Content starts

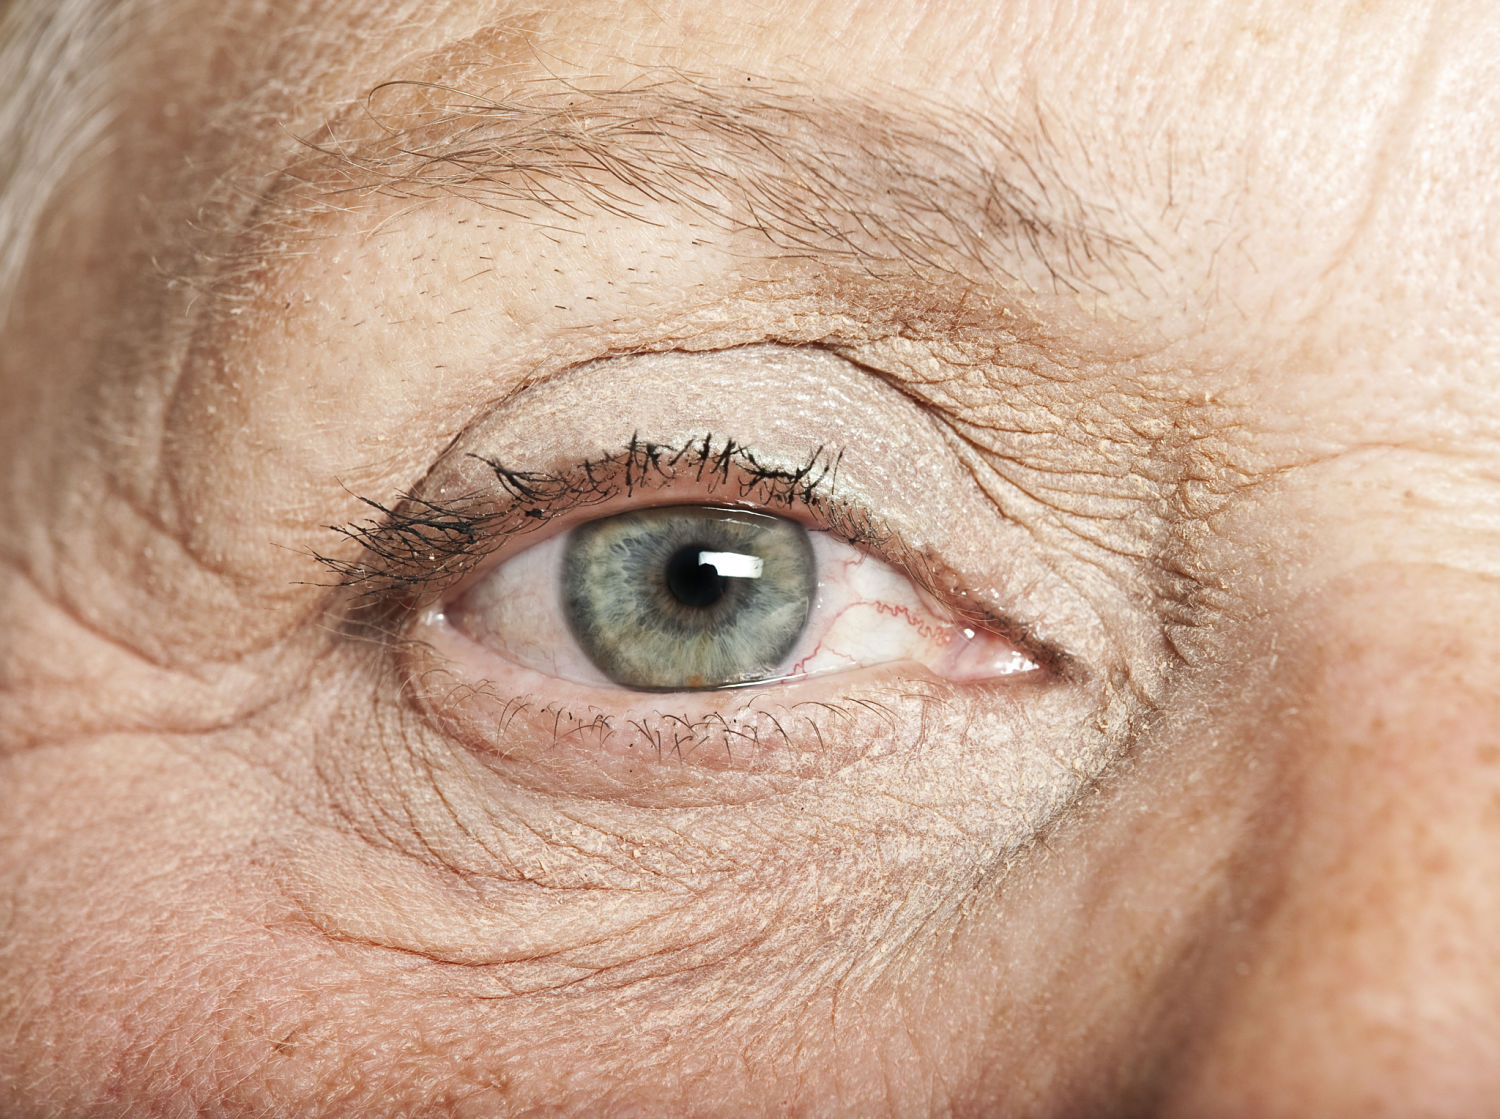 Eye, from Shutterstock
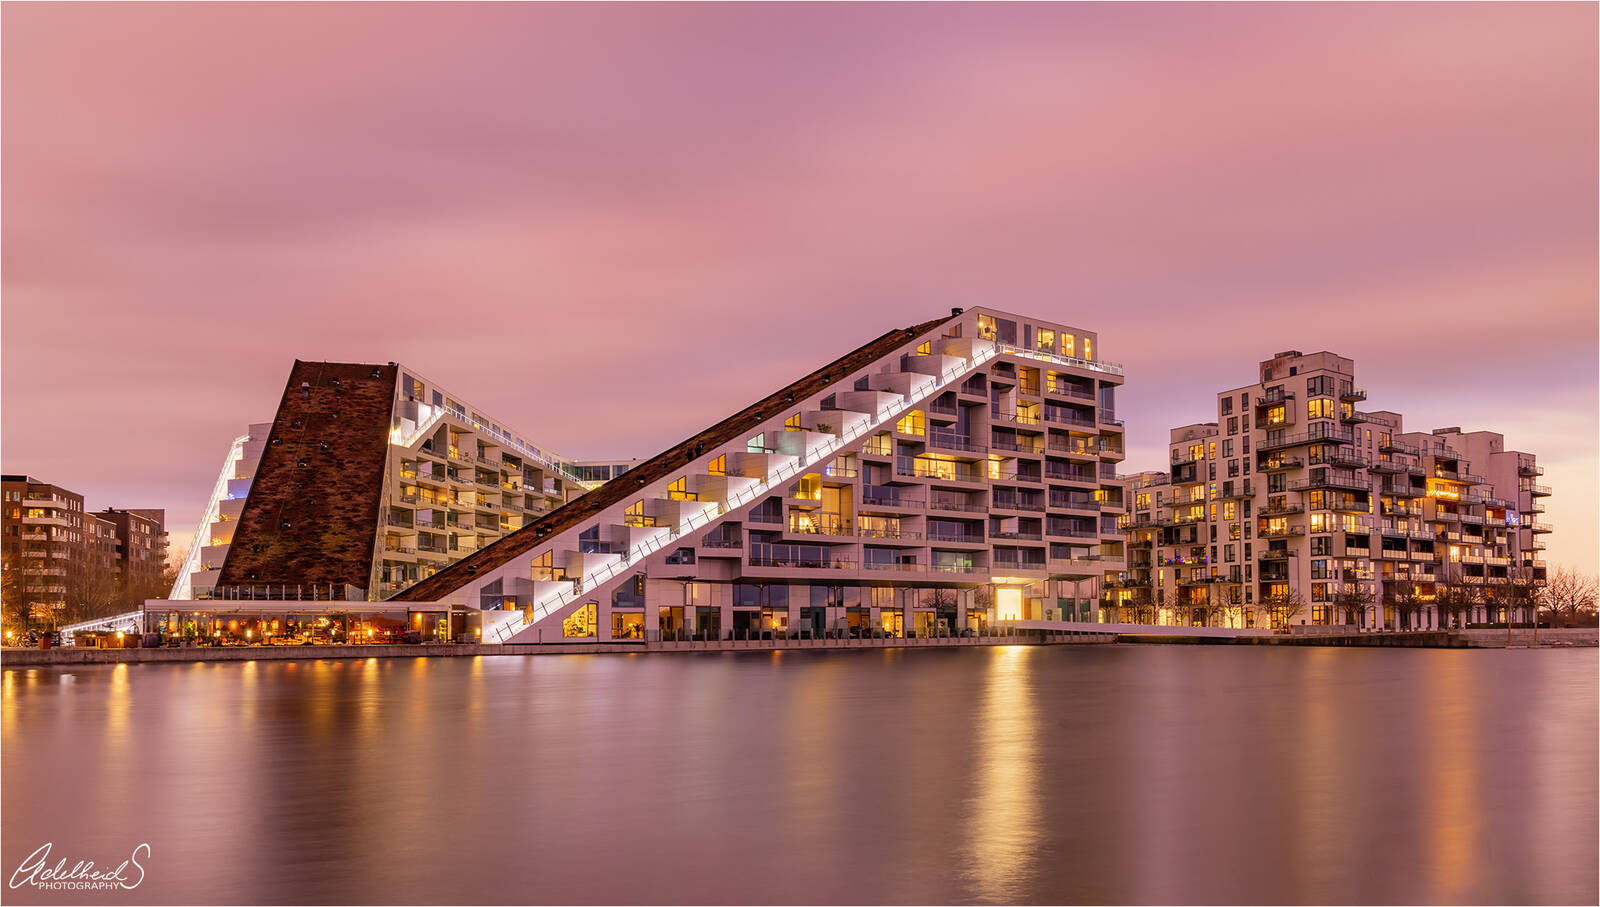 Image of 8tallet (8House) Residential Area Copenhagen by Adelheid Smitt
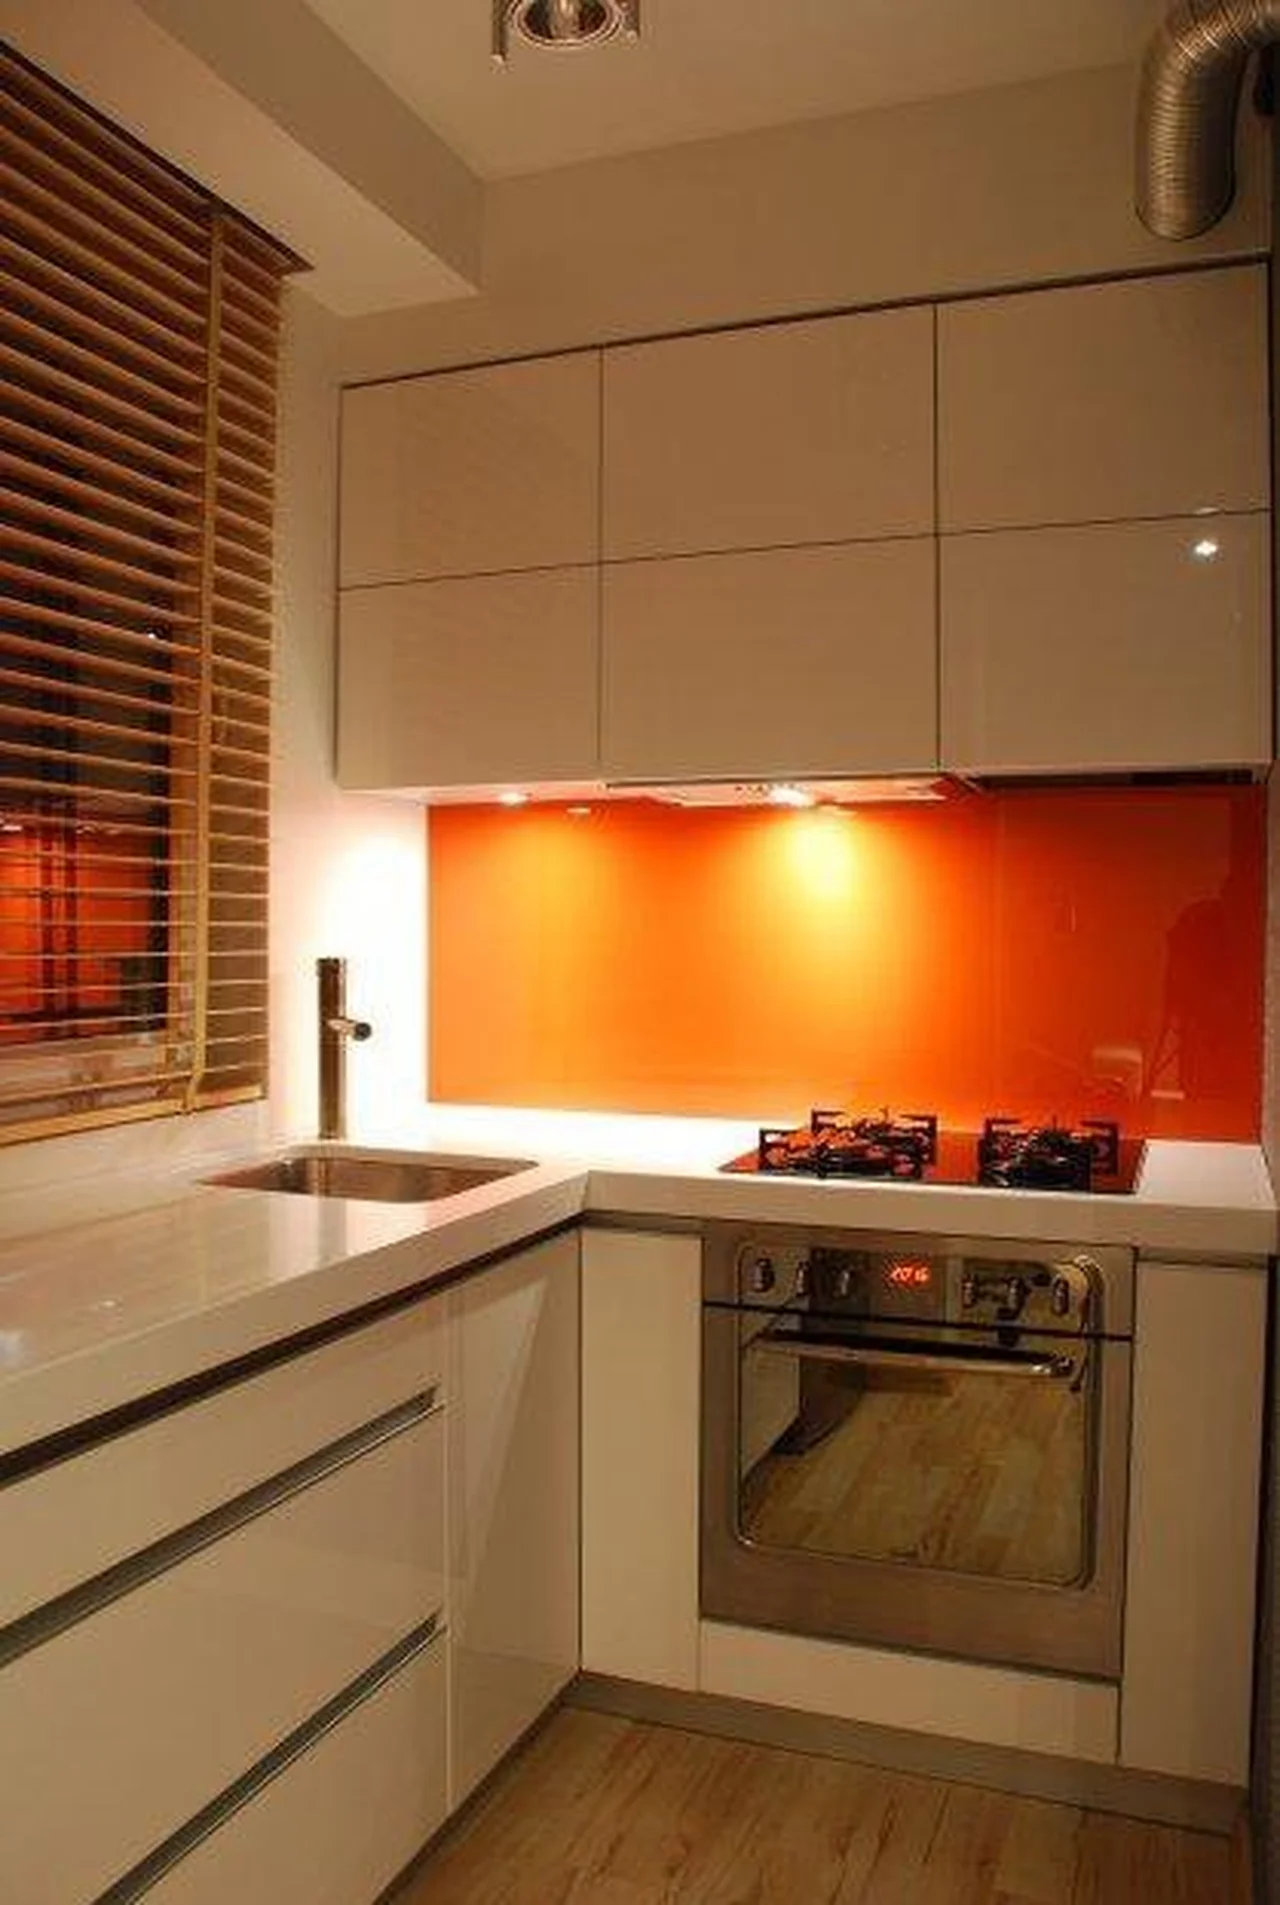 Pomarańczowa pleksa w kuchni

Content ends

## TRY IT:
Your answer should reproduce every line of the data verbatim and include no images.

## THE ANSWER:
 Eye, from Shutterstock
 Image of 8tallet (8House) Residential Area Copenhagen by Adelheid Smitt
 Pomarańczowa pleksa w kuchni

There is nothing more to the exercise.